▸ What is needed:
Where the records below show a line containing "Neu mit Etikett: 2.880", start copying; end with the line containing "RIBA Architecture de", and copy it too.

Dataset entries
Content starts

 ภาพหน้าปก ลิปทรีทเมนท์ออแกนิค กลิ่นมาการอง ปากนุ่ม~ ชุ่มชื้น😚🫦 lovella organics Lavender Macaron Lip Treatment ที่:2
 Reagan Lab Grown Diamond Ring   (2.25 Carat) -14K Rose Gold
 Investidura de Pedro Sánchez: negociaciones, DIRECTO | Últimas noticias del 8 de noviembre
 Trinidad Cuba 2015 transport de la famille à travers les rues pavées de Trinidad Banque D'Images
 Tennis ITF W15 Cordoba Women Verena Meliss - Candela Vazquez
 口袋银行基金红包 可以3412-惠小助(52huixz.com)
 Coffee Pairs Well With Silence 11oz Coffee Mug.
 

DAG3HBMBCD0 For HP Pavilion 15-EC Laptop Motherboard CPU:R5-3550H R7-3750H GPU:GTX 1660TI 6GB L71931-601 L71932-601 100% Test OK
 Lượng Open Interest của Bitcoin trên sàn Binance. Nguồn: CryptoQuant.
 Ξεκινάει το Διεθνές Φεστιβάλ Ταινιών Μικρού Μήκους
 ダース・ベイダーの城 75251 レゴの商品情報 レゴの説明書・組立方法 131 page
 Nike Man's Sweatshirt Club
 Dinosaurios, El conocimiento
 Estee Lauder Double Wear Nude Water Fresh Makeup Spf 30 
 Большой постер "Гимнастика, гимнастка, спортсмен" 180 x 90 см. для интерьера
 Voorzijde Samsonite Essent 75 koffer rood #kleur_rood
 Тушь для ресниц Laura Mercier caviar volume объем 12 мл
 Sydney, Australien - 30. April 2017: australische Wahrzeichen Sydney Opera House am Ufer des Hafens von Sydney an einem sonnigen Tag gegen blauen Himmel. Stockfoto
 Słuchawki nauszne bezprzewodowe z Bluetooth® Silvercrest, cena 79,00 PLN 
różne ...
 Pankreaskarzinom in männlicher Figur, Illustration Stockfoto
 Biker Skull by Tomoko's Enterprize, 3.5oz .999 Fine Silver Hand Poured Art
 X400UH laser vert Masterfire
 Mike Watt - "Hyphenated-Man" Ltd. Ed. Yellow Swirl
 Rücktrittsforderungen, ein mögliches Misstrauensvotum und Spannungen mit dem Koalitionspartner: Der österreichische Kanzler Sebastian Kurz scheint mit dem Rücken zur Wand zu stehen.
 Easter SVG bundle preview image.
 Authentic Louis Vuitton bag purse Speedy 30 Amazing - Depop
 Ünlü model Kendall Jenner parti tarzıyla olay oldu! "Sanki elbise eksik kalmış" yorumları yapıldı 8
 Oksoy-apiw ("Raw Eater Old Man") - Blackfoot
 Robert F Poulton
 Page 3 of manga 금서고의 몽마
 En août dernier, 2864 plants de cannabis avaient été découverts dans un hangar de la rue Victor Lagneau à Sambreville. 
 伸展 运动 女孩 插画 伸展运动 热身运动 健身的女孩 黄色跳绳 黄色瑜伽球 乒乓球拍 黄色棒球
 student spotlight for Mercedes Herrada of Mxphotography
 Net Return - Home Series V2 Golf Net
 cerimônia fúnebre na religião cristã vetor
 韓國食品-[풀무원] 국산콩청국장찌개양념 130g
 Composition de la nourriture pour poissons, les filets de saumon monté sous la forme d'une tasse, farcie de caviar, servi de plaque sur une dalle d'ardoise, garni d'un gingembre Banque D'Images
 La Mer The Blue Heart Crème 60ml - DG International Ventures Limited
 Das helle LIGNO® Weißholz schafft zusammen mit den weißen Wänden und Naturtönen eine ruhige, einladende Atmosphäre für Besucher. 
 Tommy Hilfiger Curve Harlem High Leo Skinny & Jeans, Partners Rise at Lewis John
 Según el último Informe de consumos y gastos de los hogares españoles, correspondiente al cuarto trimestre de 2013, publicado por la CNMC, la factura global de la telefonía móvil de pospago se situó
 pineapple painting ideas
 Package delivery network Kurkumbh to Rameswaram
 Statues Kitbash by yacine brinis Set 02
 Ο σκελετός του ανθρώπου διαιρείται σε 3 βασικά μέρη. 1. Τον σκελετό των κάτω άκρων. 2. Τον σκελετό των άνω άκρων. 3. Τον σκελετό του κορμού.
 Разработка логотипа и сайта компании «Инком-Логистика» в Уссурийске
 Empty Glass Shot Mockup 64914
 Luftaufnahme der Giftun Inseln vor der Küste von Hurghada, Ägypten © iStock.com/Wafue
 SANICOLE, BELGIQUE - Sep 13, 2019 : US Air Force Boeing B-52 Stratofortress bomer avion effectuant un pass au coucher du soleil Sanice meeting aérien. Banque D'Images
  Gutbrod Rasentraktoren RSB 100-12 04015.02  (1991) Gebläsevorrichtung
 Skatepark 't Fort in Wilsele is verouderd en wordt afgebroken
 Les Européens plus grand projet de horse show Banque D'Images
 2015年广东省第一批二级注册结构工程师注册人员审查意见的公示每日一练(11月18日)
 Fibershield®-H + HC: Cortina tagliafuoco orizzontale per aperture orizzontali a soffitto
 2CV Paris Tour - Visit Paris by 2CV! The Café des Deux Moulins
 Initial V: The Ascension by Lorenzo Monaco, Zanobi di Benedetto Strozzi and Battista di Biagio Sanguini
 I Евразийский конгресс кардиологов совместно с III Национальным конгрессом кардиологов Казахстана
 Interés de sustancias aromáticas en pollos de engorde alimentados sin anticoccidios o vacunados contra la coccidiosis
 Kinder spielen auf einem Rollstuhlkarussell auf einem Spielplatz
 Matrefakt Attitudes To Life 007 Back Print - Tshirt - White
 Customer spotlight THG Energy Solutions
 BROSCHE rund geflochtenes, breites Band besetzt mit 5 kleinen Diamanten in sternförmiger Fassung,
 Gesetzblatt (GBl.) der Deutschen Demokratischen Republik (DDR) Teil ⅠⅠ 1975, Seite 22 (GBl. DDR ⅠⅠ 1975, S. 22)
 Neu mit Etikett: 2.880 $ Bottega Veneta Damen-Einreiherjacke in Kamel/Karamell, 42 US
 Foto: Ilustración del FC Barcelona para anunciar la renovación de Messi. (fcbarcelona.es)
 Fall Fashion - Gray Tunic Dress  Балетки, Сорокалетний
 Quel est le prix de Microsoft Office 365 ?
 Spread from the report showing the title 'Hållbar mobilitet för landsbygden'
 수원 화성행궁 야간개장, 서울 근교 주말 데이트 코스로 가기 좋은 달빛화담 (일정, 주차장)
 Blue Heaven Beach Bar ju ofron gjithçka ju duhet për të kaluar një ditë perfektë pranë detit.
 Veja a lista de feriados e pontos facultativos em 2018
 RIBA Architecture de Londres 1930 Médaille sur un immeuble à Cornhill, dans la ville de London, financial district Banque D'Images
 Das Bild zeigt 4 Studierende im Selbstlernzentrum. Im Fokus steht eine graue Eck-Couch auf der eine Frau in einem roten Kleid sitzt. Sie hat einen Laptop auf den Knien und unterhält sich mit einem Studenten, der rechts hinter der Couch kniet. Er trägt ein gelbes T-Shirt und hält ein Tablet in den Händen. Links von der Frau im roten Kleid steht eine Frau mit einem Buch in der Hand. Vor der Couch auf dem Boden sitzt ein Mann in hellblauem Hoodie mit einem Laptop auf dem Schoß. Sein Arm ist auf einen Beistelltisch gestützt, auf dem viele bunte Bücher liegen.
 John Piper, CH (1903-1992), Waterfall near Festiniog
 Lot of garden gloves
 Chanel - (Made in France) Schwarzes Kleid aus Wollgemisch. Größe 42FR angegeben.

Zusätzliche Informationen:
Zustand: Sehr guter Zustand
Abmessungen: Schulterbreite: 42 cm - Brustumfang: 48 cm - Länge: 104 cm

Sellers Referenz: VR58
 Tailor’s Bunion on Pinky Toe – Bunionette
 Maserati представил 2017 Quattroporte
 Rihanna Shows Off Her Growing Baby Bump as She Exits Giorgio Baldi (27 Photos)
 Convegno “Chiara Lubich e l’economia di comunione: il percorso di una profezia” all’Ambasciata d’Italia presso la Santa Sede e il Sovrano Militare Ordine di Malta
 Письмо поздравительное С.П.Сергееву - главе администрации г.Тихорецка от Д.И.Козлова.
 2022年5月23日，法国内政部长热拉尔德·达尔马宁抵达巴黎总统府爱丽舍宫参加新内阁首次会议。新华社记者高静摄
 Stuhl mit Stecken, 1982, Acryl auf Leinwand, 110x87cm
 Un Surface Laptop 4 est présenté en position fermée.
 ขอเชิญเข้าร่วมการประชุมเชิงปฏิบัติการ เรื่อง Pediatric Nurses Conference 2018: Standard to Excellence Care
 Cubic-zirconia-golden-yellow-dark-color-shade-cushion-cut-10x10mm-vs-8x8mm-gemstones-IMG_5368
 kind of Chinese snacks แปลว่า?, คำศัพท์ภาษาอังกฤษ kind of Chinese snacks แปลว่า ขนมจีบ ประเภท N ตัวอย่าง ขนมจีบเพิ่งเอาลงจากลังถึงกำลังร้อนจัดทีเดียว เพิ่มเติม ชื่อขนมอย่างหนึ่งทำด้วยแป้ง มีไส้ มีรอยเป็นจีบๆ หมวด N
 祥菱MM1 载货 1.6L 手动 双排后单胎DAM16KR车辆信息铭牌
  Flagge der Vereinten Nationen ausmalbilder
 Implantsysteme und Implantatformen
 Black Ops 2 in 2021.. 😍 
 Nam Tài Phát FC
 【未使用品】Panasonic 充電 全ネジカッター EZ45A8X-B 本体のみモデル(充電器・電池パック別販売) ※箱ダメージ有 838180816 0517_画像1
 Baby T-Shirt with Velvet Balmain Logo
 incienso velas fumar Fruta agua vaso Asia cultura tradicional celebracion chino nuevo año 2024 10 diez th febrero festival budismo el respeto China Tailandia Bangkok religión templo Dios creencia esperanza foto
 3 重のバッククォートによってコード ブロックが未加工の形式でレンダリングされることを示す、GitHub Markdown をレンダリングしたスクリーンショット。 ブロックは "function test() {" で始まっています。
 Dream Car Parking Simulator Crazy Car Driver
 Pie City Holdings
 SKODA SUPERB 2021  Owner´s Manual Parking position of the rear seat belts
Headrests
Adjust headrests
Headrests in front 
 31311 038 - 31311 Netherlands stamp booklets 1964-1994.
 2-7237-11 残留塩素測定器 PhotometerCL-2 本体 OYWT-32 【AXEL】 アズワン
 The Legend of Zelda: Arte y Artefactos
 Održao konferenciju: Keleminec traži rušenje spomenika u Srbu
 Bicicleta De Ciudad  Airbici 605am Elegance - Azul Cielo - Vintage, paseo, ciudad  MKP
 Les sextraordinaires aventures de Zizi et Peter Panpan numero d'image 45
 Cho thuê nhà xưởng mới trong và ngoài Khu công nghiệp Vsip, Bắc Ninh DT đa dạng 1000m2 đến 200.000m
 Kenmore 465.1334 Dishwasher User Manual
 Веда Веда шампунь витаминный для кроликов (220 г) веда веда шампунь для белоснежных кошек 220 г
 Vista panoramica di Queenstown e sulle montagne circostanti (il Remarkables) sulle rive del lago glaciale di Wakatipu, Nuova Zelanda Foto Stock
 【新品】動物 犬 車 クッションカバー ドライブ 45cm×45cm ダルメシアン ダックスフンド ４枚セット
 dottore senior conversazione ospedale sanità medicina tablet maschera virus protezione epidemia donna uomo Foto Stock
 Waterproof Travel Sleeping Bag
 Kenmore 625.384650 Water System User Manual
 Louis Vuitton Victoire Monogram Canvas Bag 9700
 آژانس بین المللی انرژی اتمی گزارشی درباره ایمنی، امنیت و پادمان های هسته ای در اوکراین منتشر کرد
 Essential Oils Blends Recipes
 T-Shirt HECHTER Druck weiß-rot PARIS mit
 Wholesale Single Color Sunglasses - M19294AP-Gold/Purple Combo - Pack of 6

Content ends

▸ Exercise output:
 Neu mit Etikett: 2.880 $ Bottega Veneta Damen-Einreiherjacke in Kamel/Karamell, 42 US
 Foto: Ilustración del FC Barcelona para anunciar la renovación de Messi. (fcbarcelona.es)
 Fall Fashion - Gray Tunic Dress  Балетки, Сорокалетний
 Quel est le prix de Microsoft Office 365 ?
 Spread from the report showing the title 'Hållbar mobilitet för landsbygden'
 수원 화성행궁 야간개장, 서울 근교 주말 데이트 코스로 가기 좋은 달빛화담 (일정, 주차장)
 Blue Heaven Beach Bar ju ofron gjithçka ju duhet për të kaluar një ditë perfektë pranë detit.
 Veja a lista de feriados e pontos facultativos em 2018
 RIBA Architecture de Londres 1930 Médaille sur un immeuble à Cornhill, dans la ville de London, financial district Banque D'Images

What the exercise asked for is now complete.